• [Goal of the exercise] No line before the one holding "Camiseta del FC Dnipro. (A.F.)" is to be copied; that line and all after it, through the end of the listing, are returned exactly, minus pictures.

• [Information supplied]

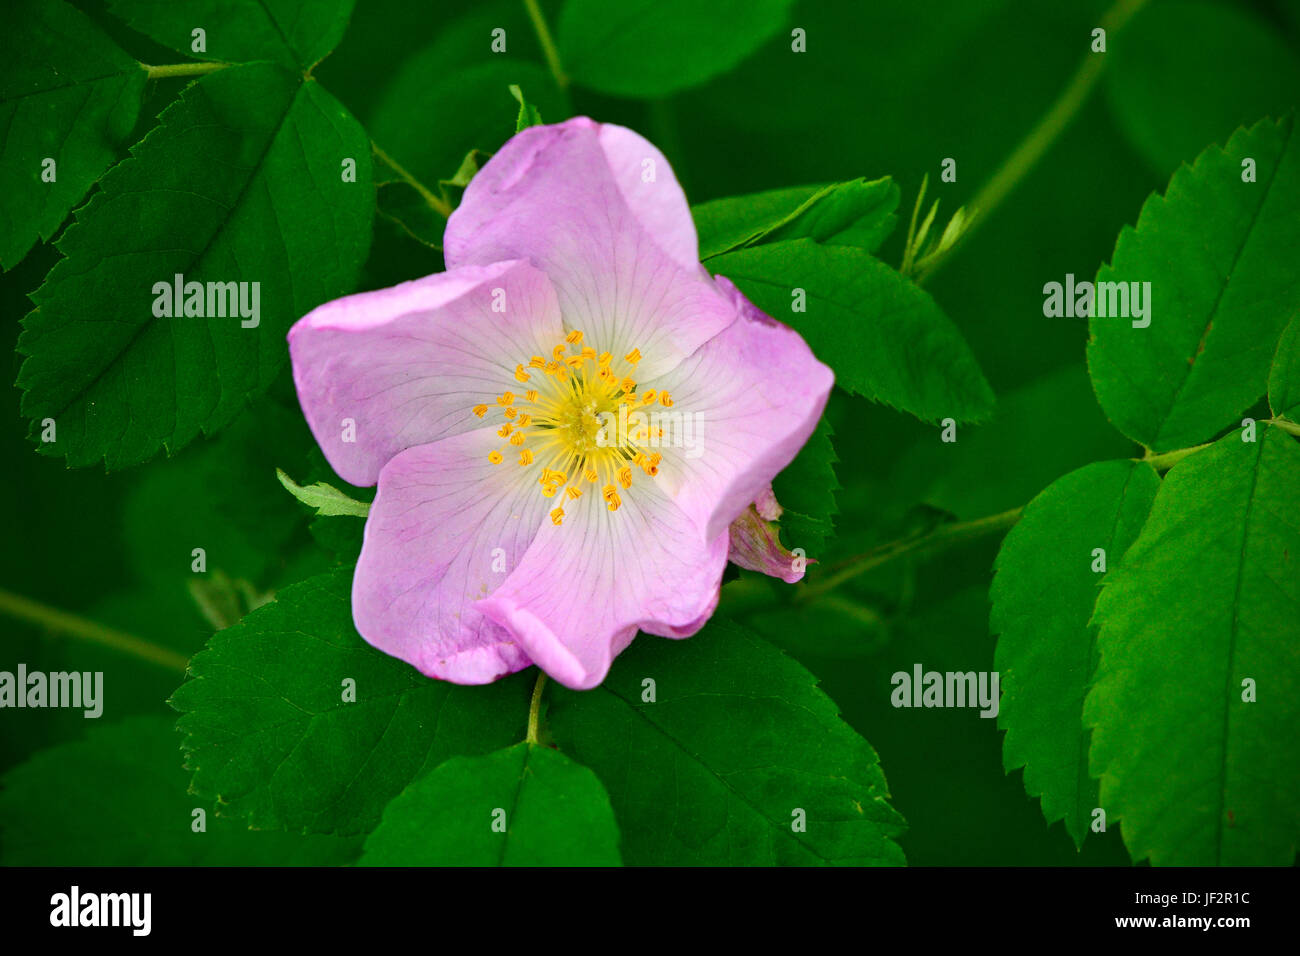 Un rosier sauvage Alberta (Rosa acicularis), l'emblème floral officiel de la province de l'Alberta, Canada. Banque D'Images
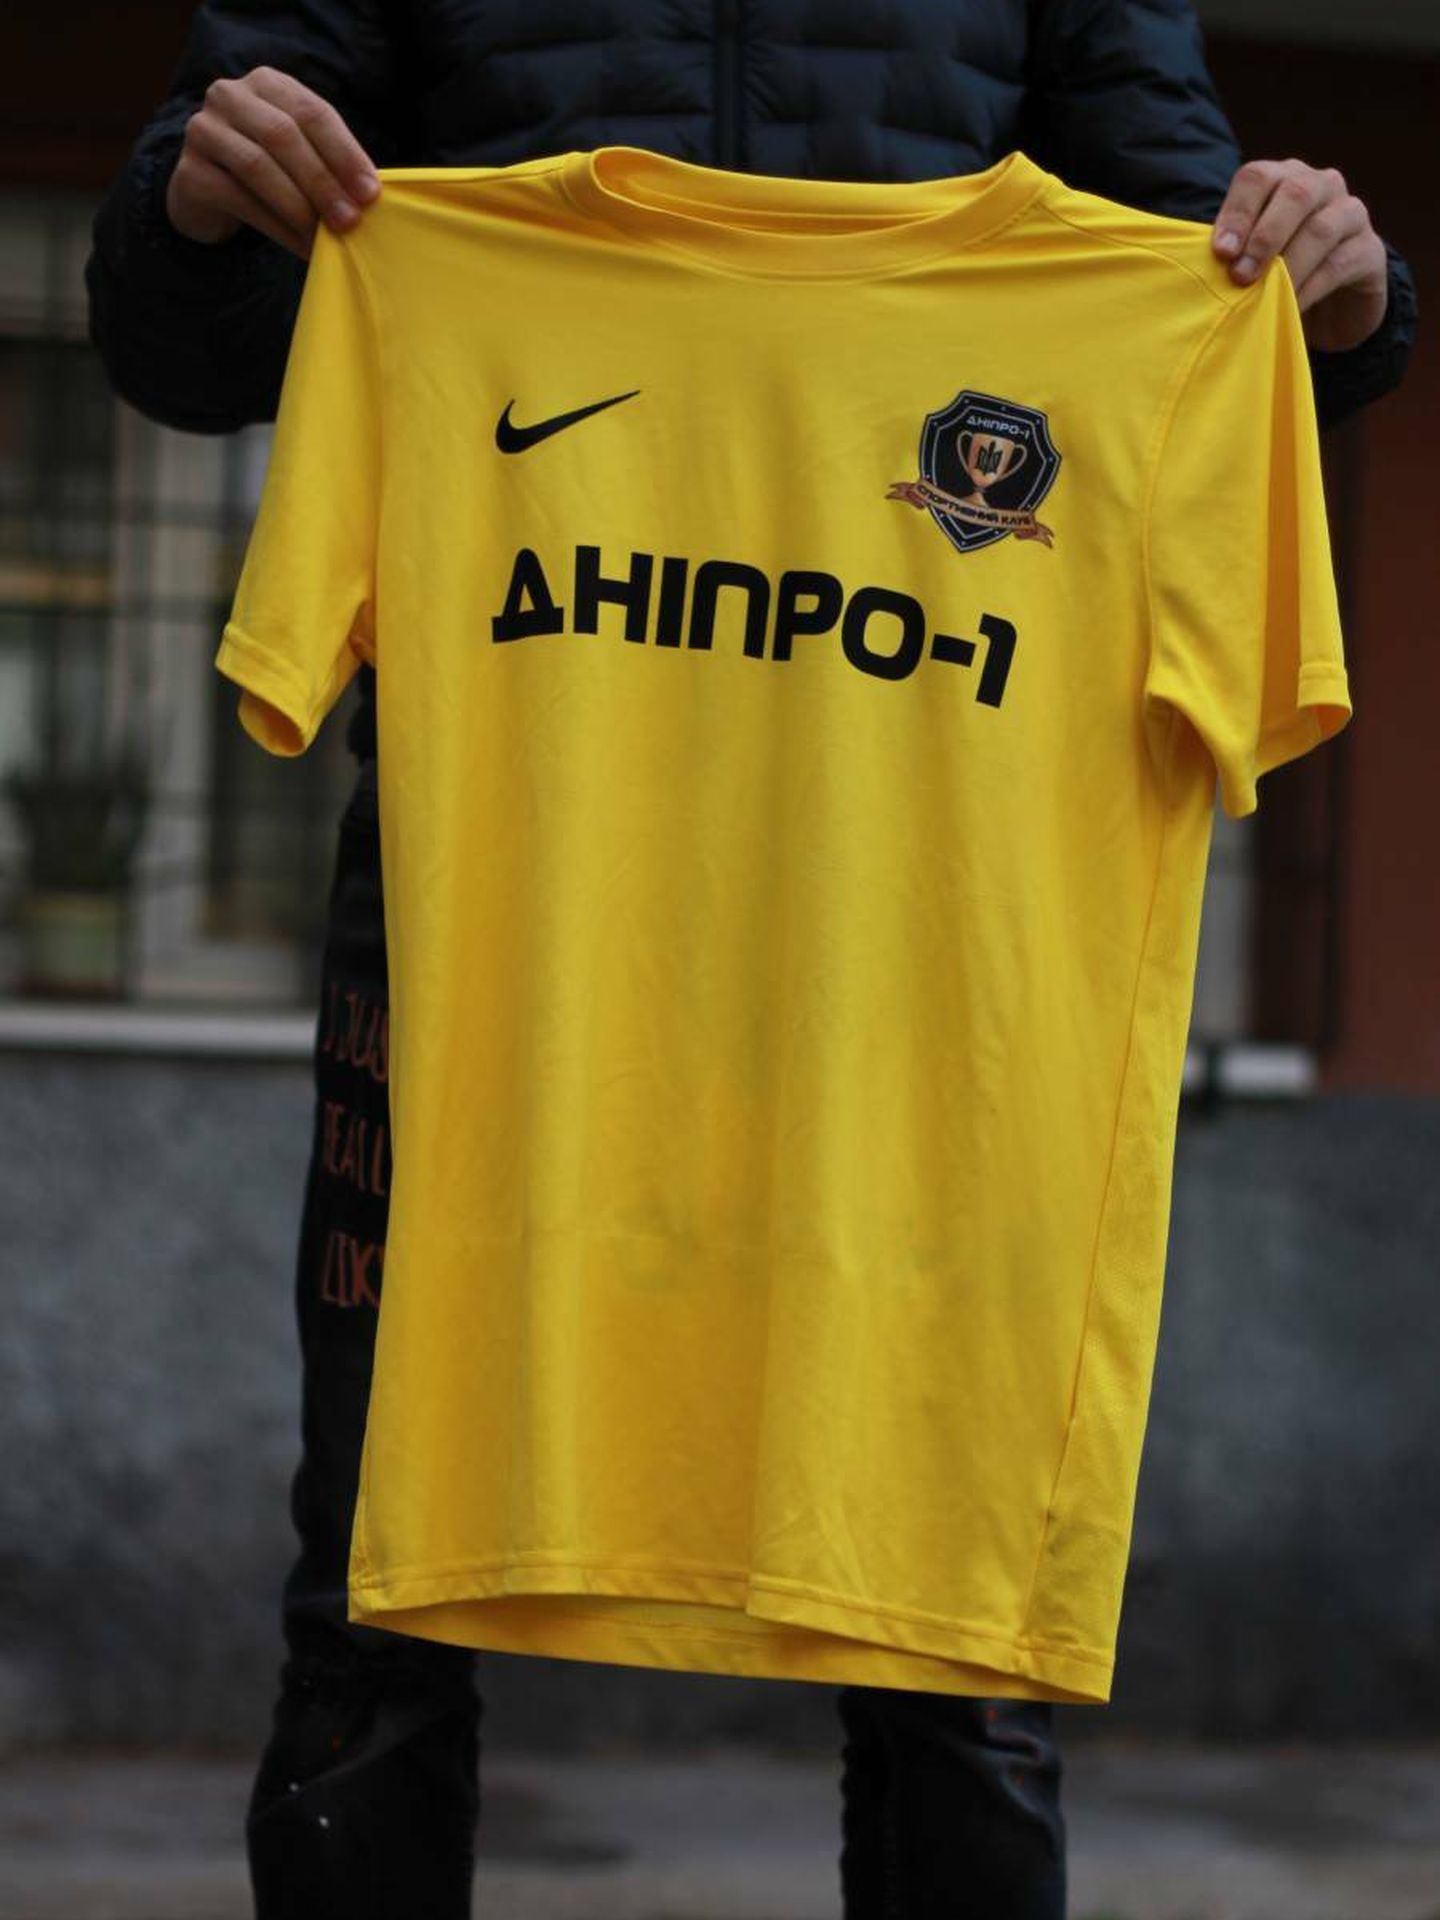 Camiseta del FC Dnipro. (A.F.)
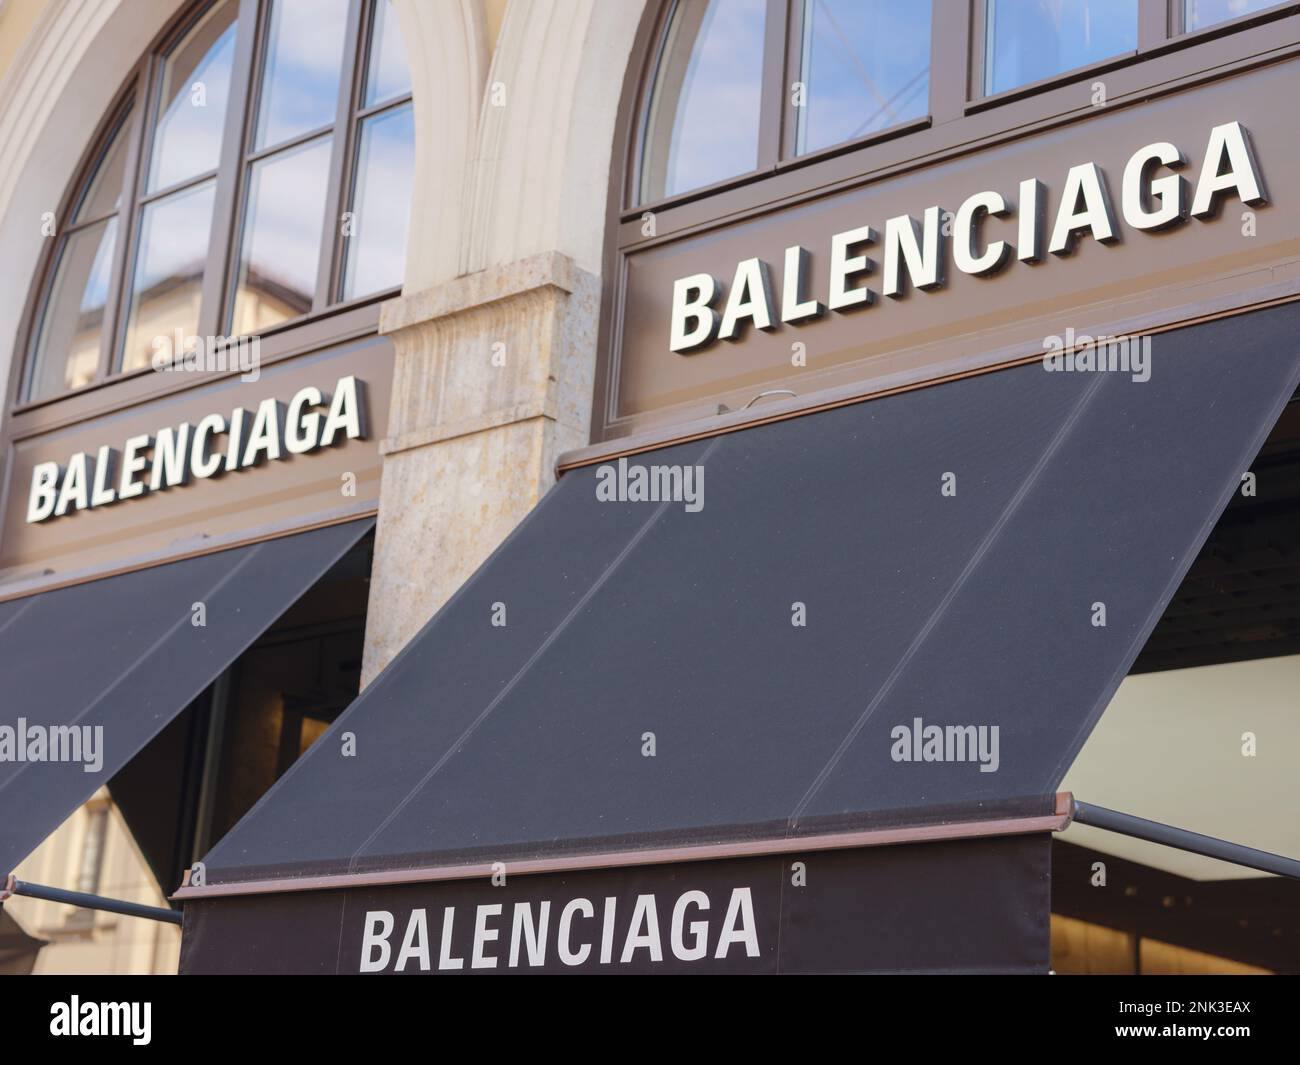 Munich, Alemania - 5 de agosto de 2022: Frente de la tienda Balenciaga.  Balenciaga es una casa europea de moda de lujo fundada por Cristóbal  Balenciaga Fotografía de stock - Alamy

• [Response area]
 Camiseta del FC Dnipro. (A.F.)
 Munich, Alemania - 5 de agosto de 2022: Frente de la tienda Balenciaga.  Balenciaga es una casa europea de moda de lujo fundada por Cristóbal  Balenciaga Fotografía de stock - Alamy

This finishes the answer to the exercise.